→ ACTION ITEM
Only one span is wanted from the lines below: from the one with "Cute fluffy synth" up to and including the one with "v-moda-crossfade-wireless-2-headphones-08.jpg". Copy it exactly, without images.

AVAILABLE DATA START

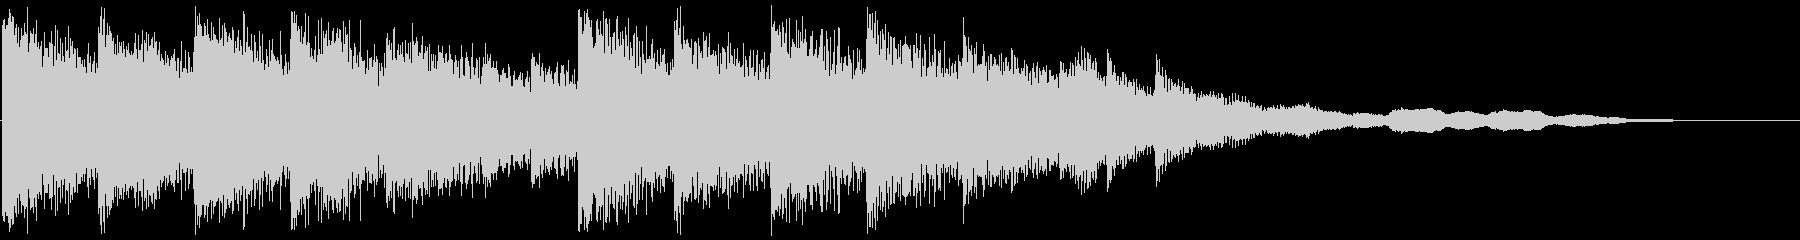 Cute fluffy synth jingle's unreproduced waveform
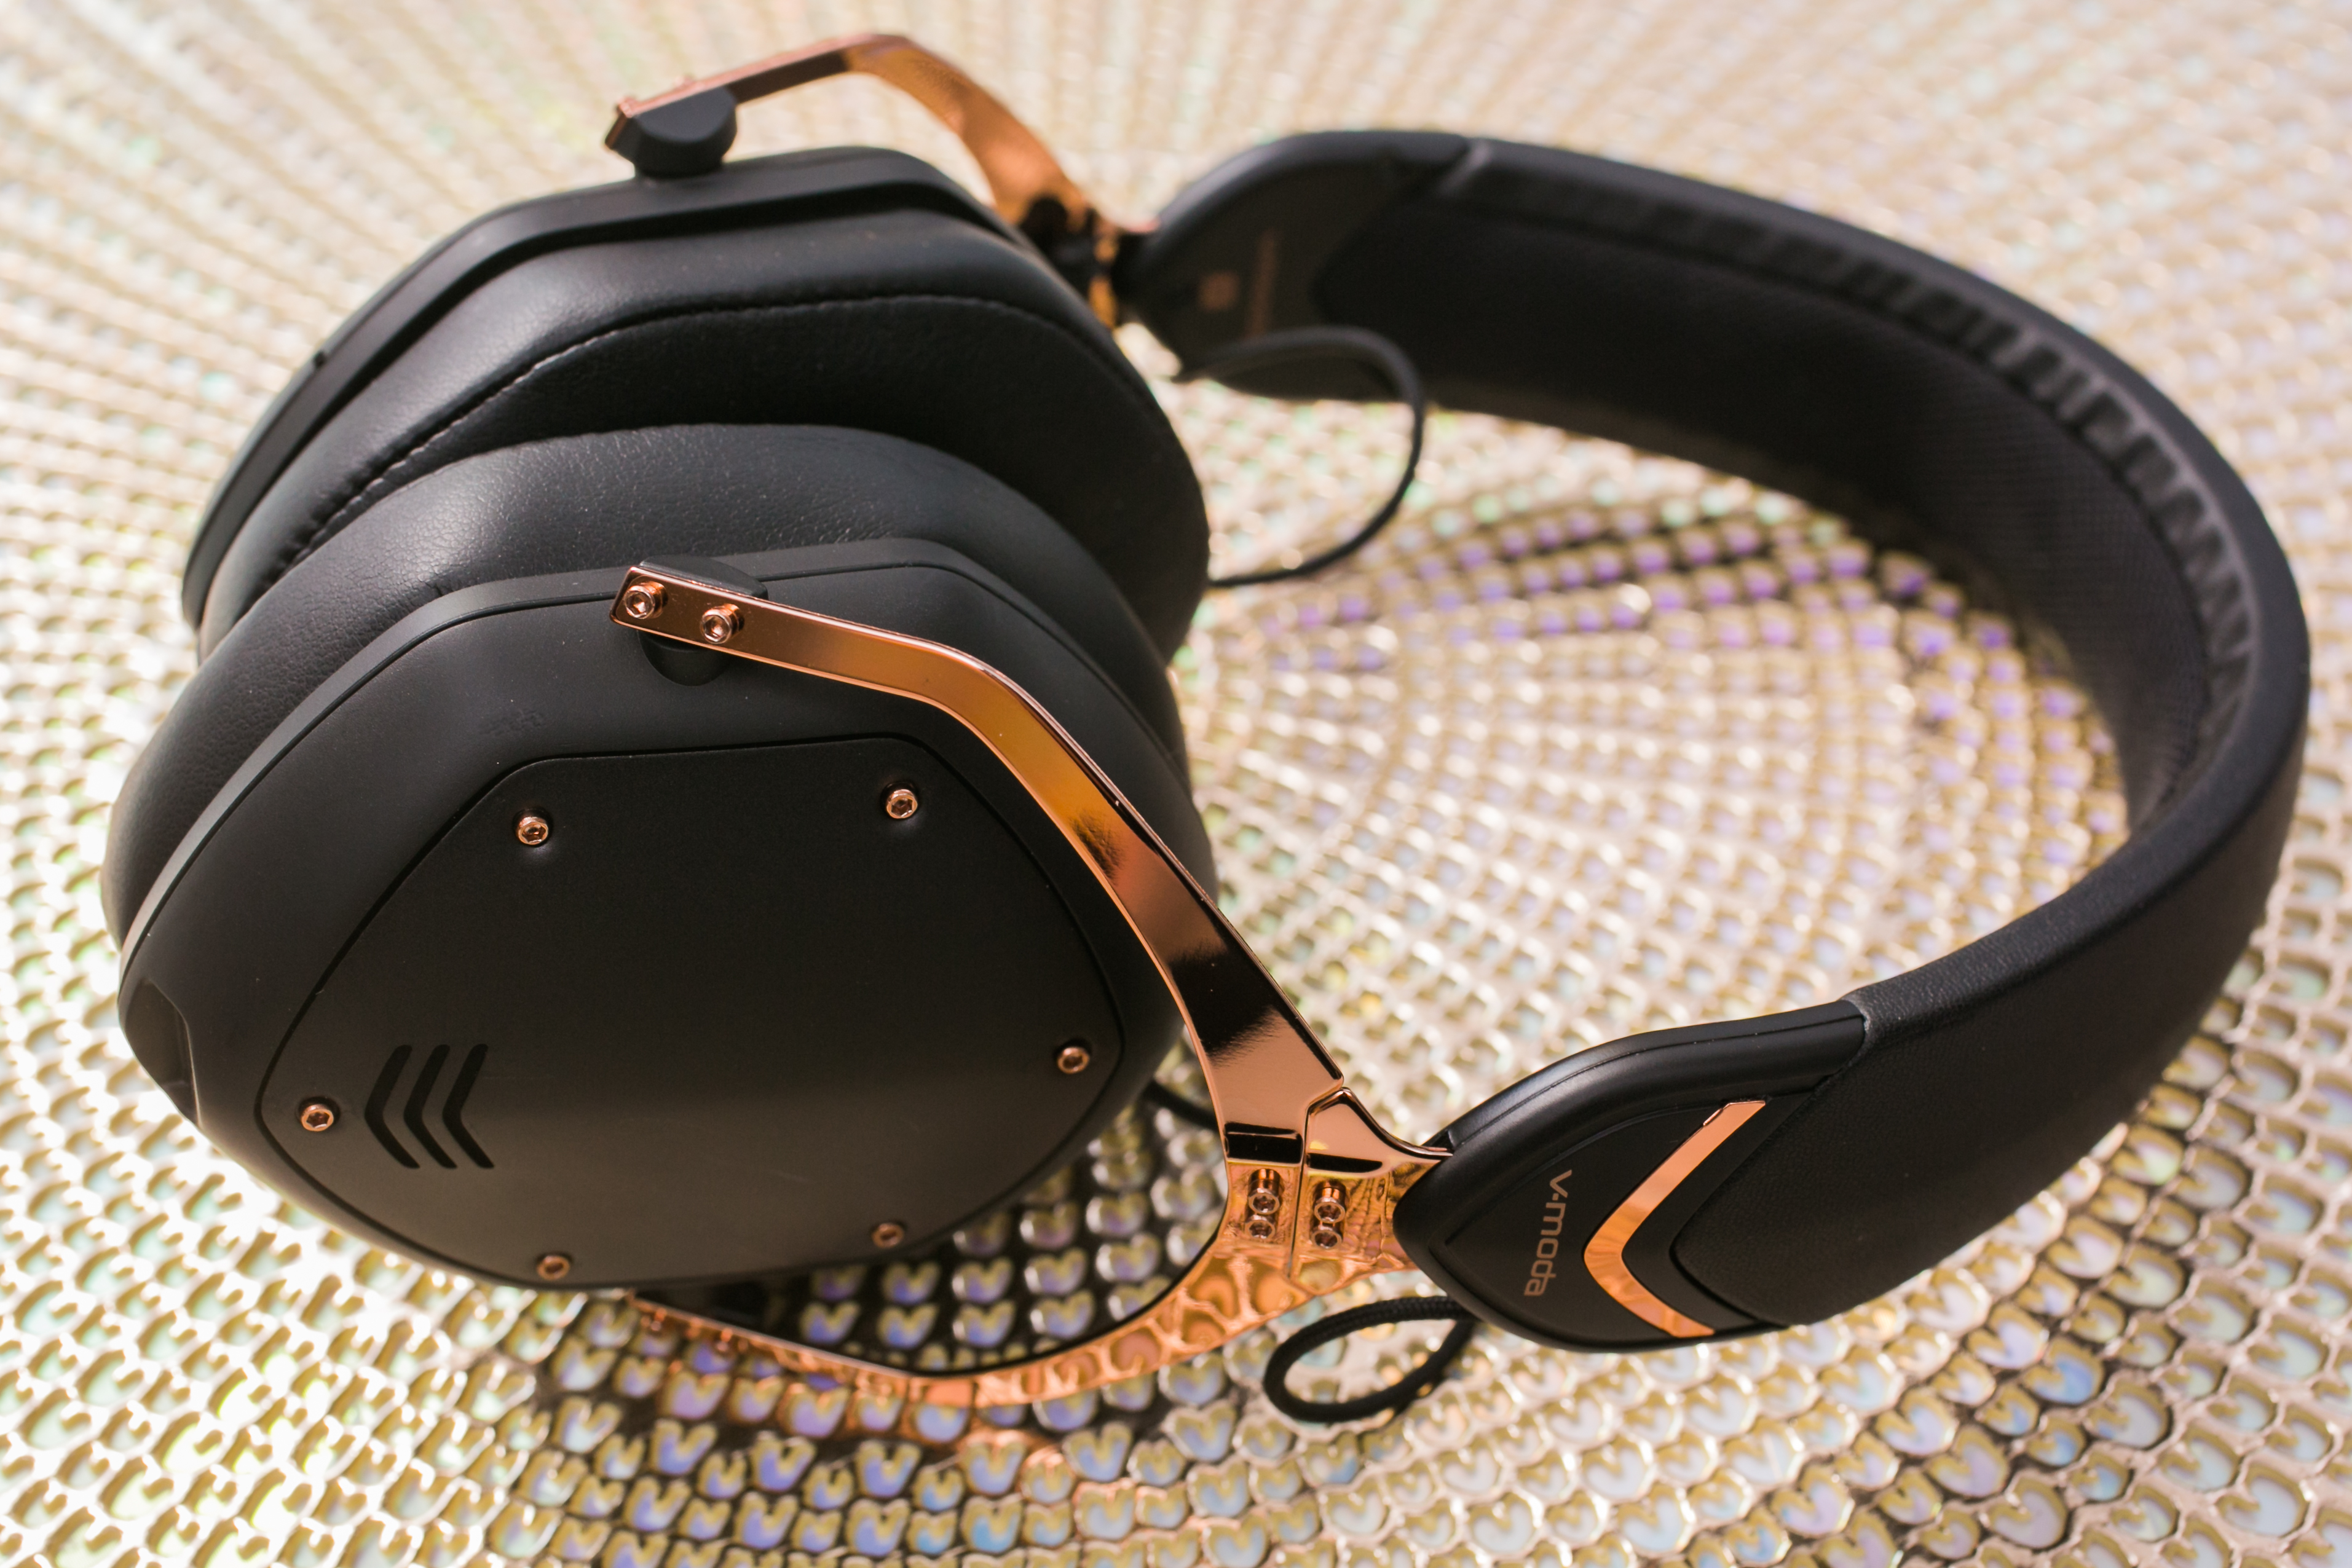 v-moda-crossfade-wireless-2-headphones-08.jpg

AVAILABLE DATA END
AVAILABLE DATA START

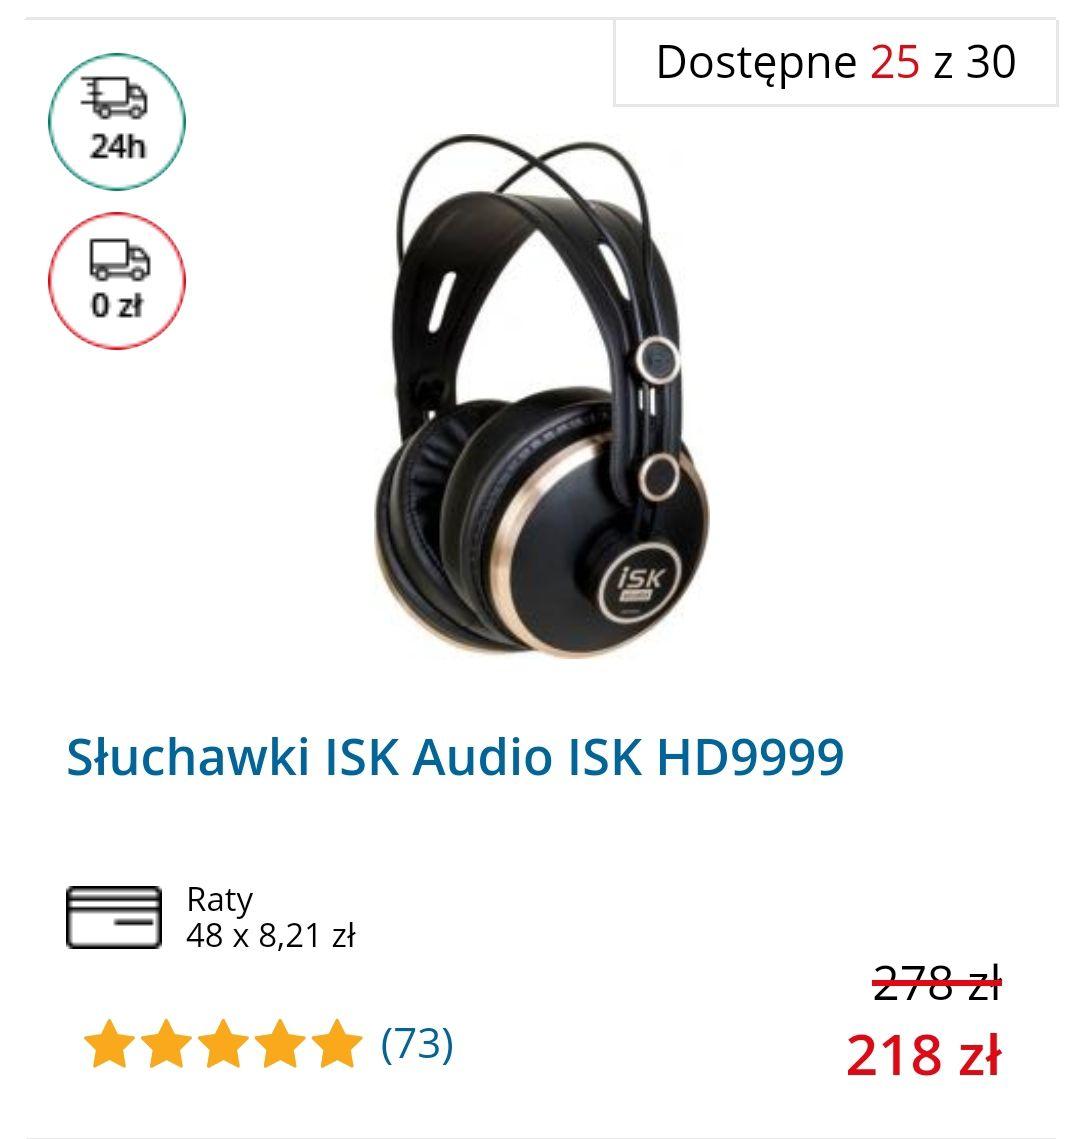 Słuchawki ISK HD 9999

AVAILABLE DATA END

→ TASK RESPONSE
 Cute fluffy synth jingle's unreproduced waveform
 v-moda-crossfade-wireless-2-headphones-08.jpg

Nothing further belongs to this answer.